In 2000, Schultz ran 86 seconds swifter than Matson, but Matson had a three-minute head start advantage. So, at the tape, it was Matson first, Schultz second. An injury knocked Schultz back to 14th in 2001.

The year 2002 was Schultz’s nightmare relived. Again she built a huge lead, again she collapsed at Insult, again she was first passed by Kiernan, again she was transported to Marin General. And again Schultz came back the following year with a stunner.

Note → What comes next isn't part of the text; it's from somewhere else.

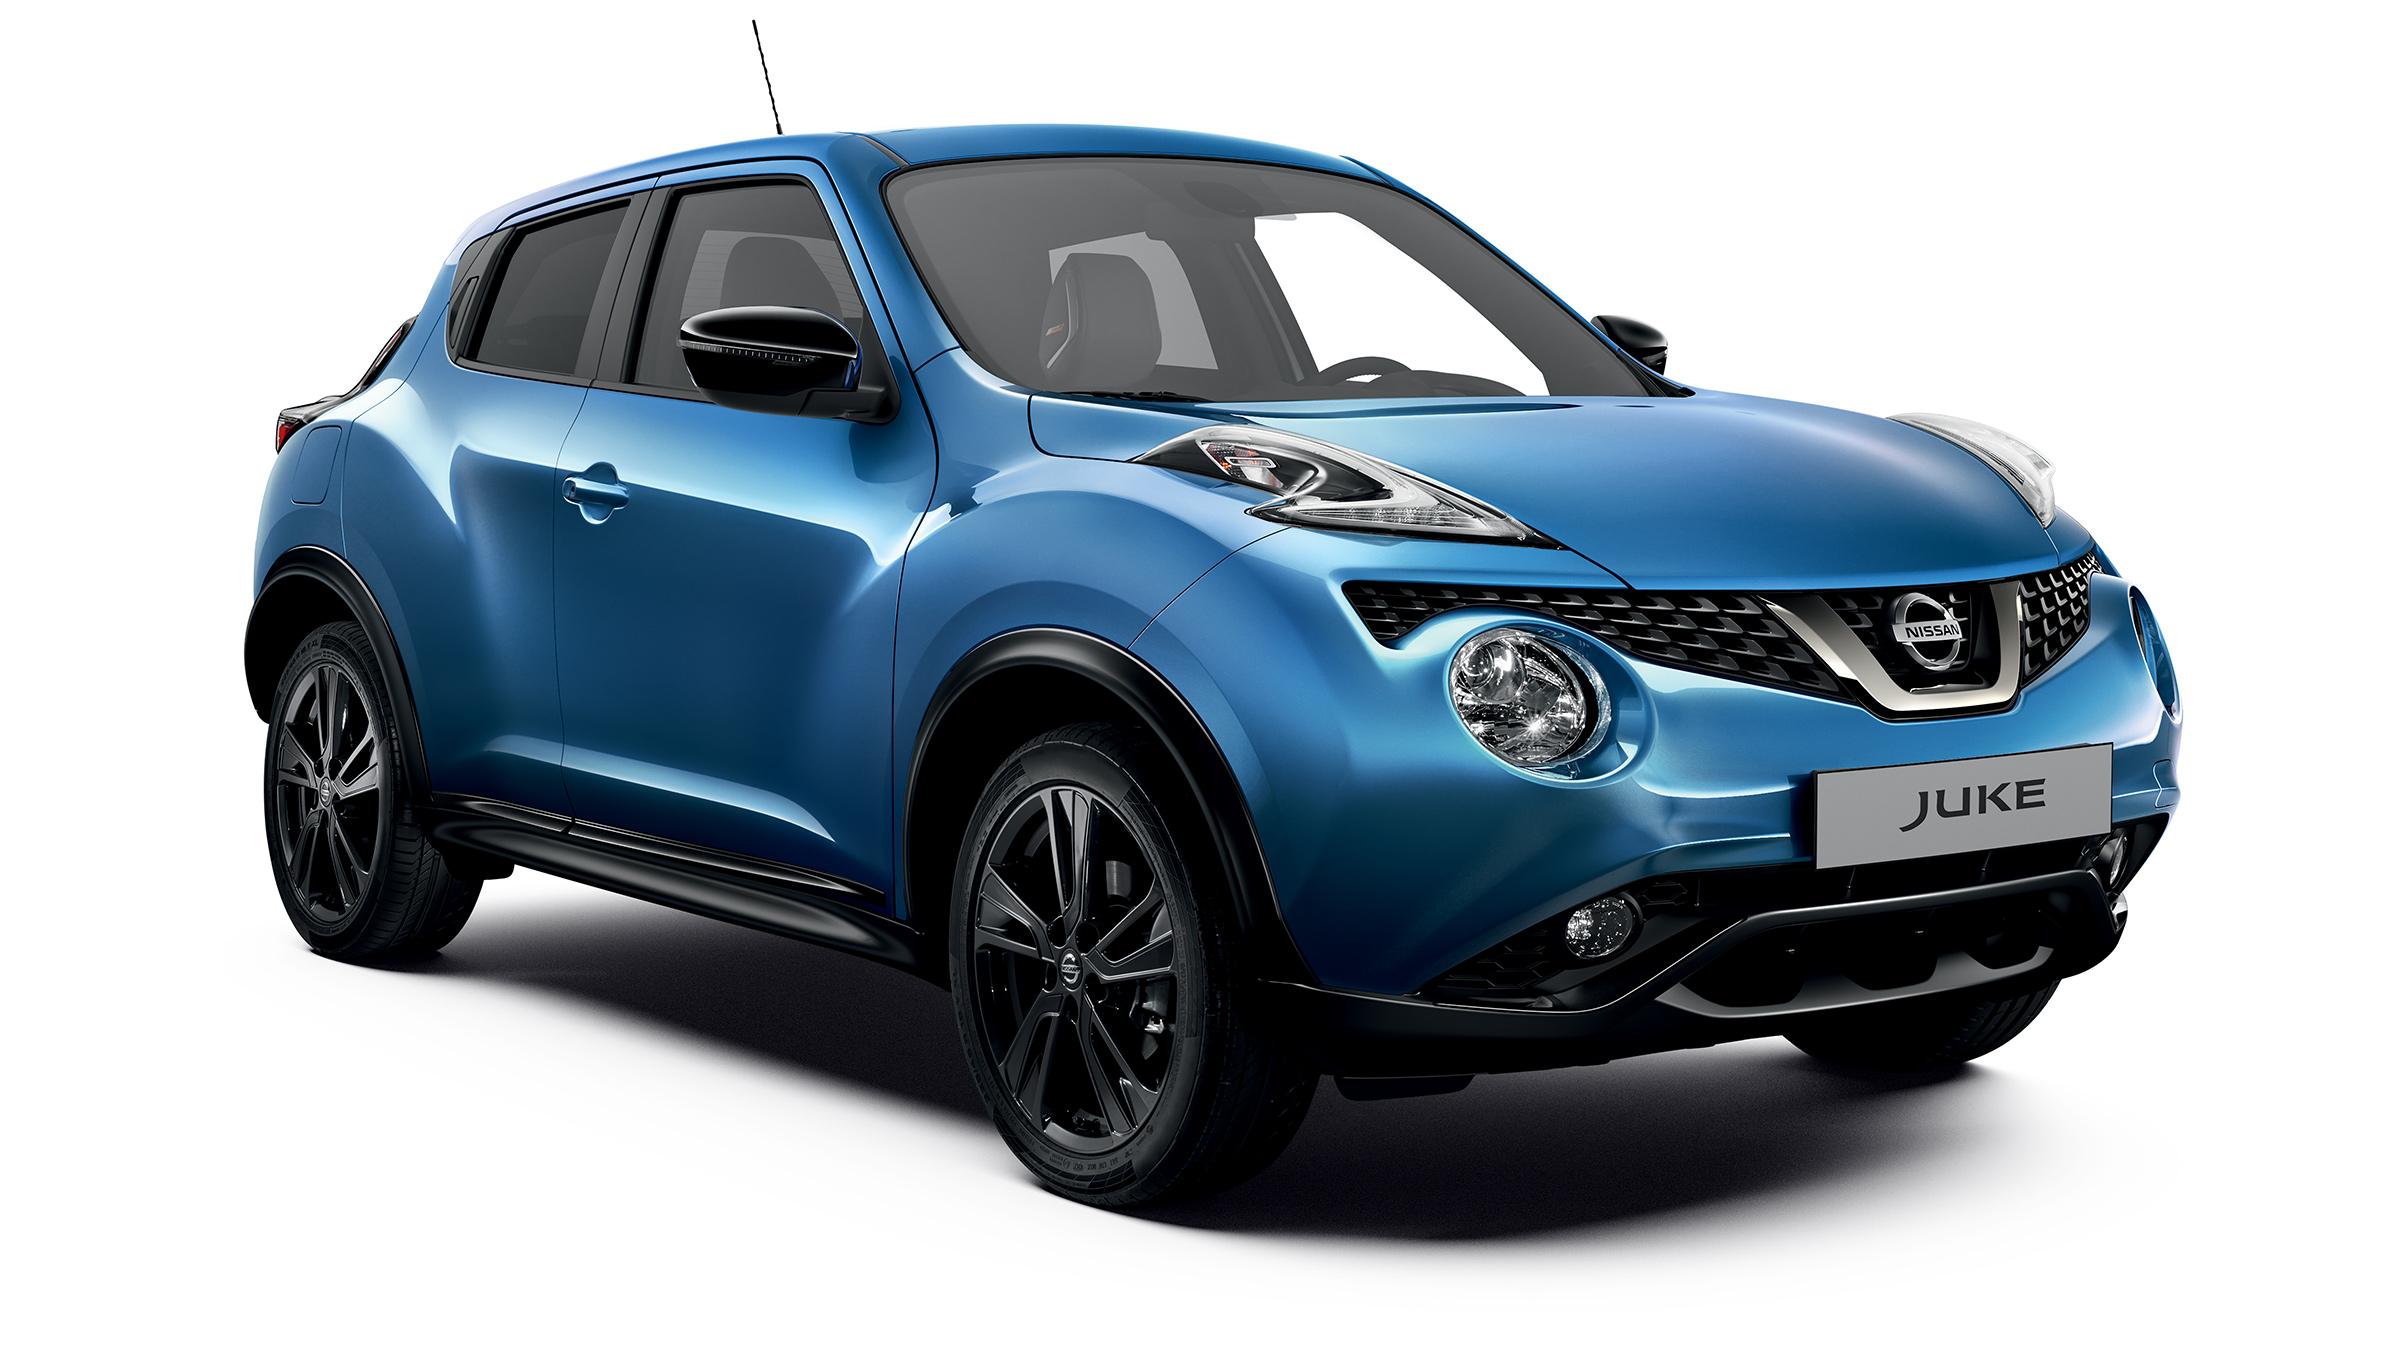 Imagem do Nissan JUKE 2018

Running with, in her words, “wings on my feet,” Schultz, now 61, won by a mindboggling margin of 5:33. Just as sensational was her time, 1:03:36. It is rare for a man to “run his age,” a time in minutes equal or below his years. Dipsea Hall of Famers Norman Bright, Joe King, Russ Kiernan and Jack Kirk are among the few to have done it. Yet Schultz came close, something no other woman has ever even remotely approached. The time broke Matson’s over-60 women’s Dipsea record by more than four minutes.

In 2004, Schultz once more found herself outrunning Matson, this time by 2:20, and again unable to close all of Matson’s three-minute head start advantage. She finished third, passed late by Kiernan. Schultz was also third in 2005, trailing the winning Kiernan and Roy Rivers.

Motivated in 2006 to win “for my beloved mother, who had but a short time to live,” Schultz broke the tape a third time. Only Matson and Sal Vasquez have won more Dipseas. Shultz’s margin, 1:28 over Rivers, and her actual time, 1:09:03, are outstanding, modest only in comparison to her own previous efforts. Rivers, who would win in 2008, recently said, “Melody gives the Dipsea credibility. How would a world class runner fare in the Dipsea? She’s your answer. Every year, if she shows up in top form, she could win by three or four minutes.”

After sitting out 2007, Schultz returned in ’08 and finished fifth. She skipped last year as well. But this June 13, she gets her most head start minutes ever, and several pundits have installed her as early favorite to win.